Would you retype the whole listing exactly, leaving its pictures out?
---- Recorded information
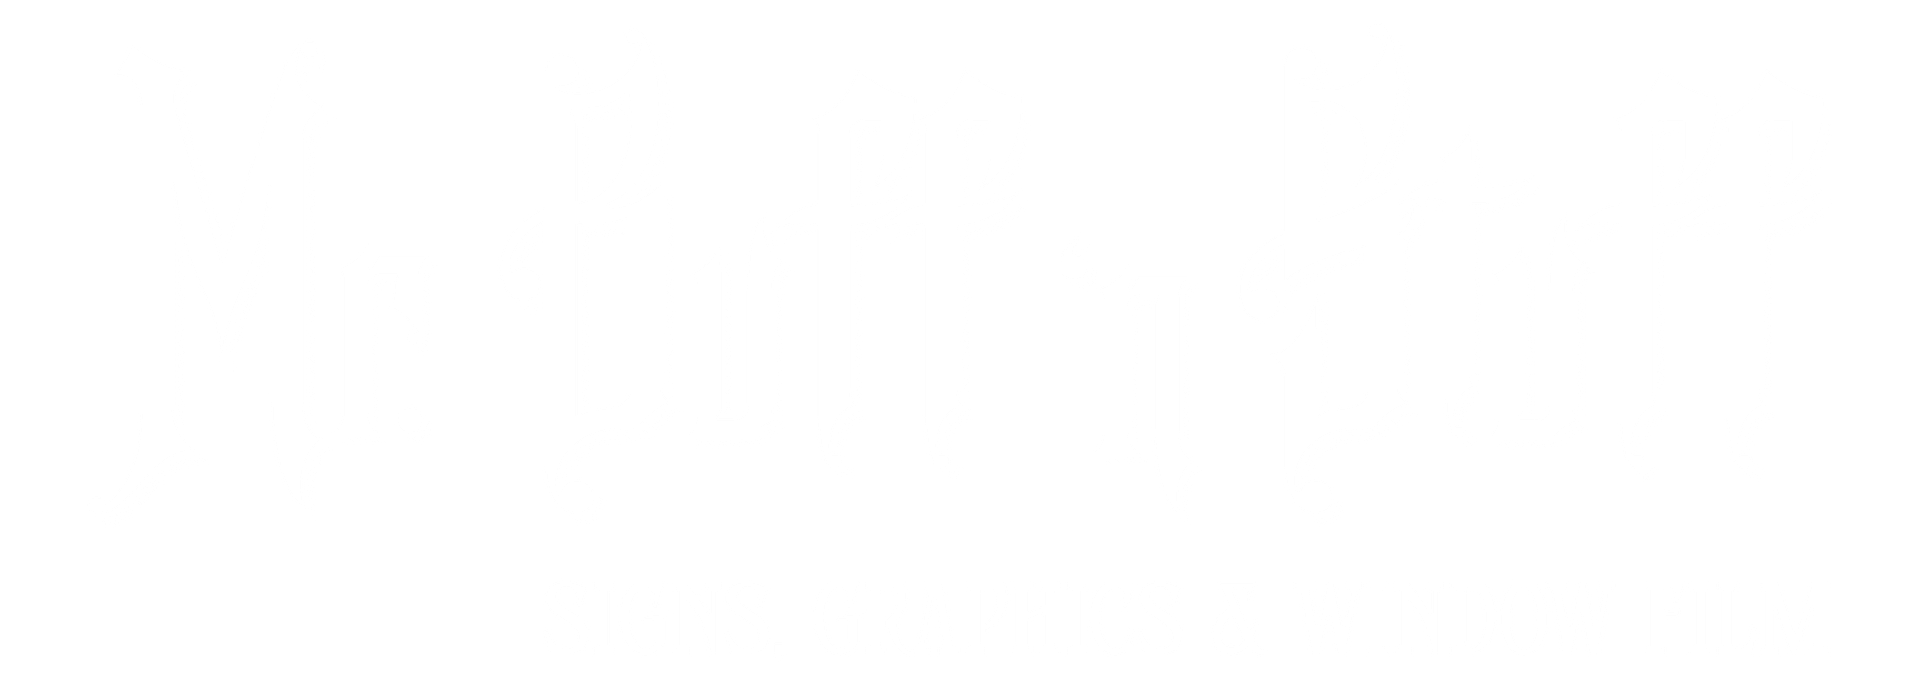 Mr. Buff 'n Stuff LLC Logo
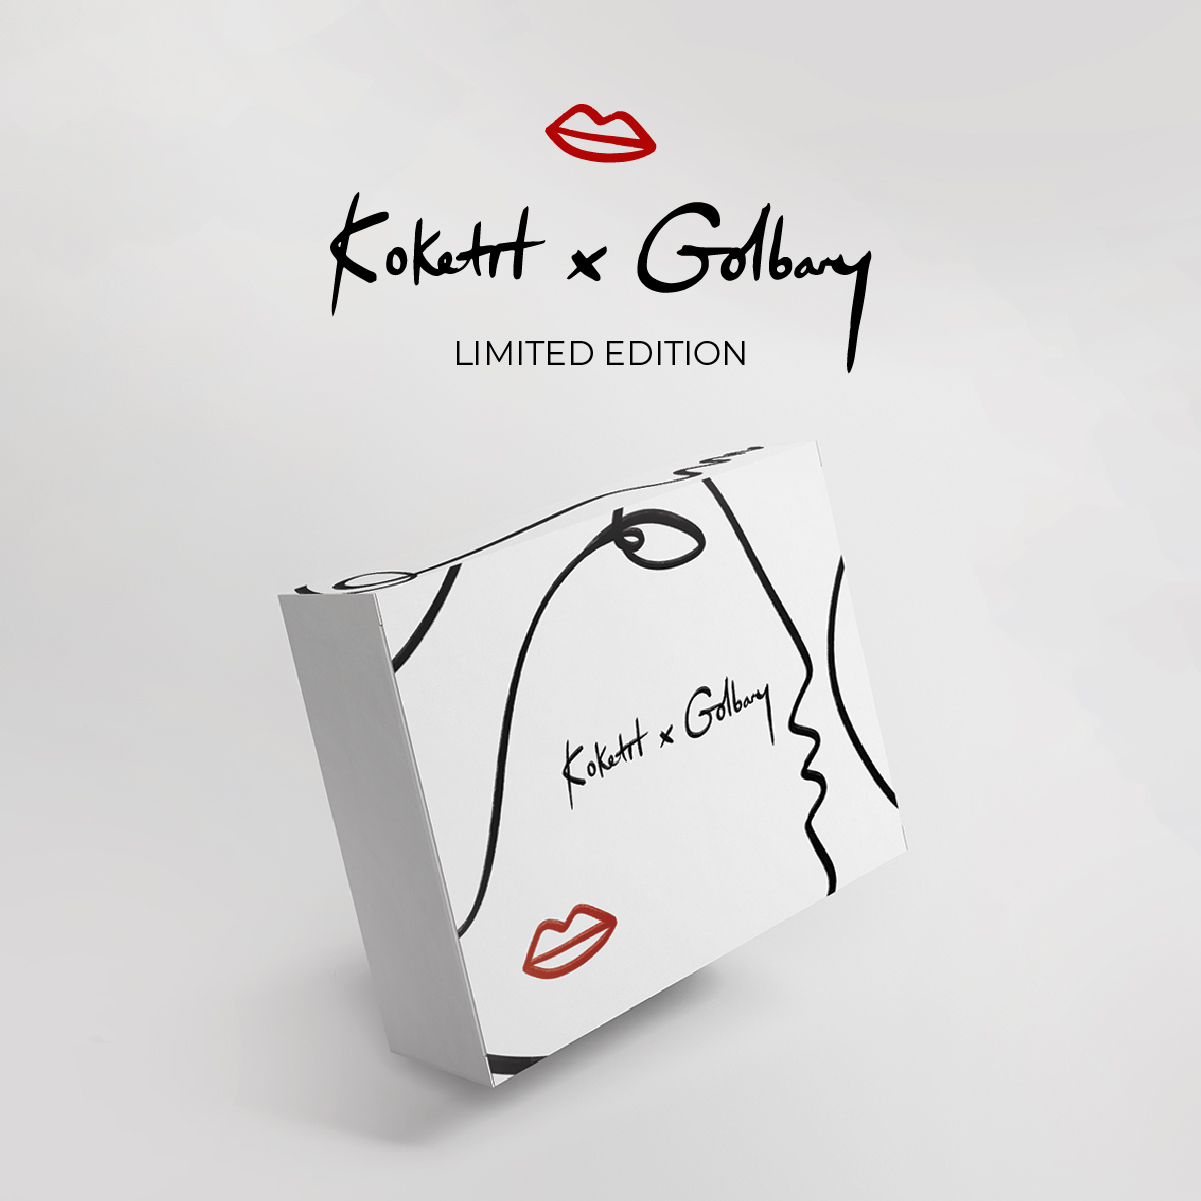 Koketit X Golbary ❤
הקוקלציה המשותפת זמינה בלעדית באתר! אל תפספסי אותה
--------
Output below:
 Mr. Buff 'n Stuff LLC Logo
 Koketit X Golbary ❤
הקוקלציה המשותפת זמינה בלעדית באתר! אל תפספסי אותה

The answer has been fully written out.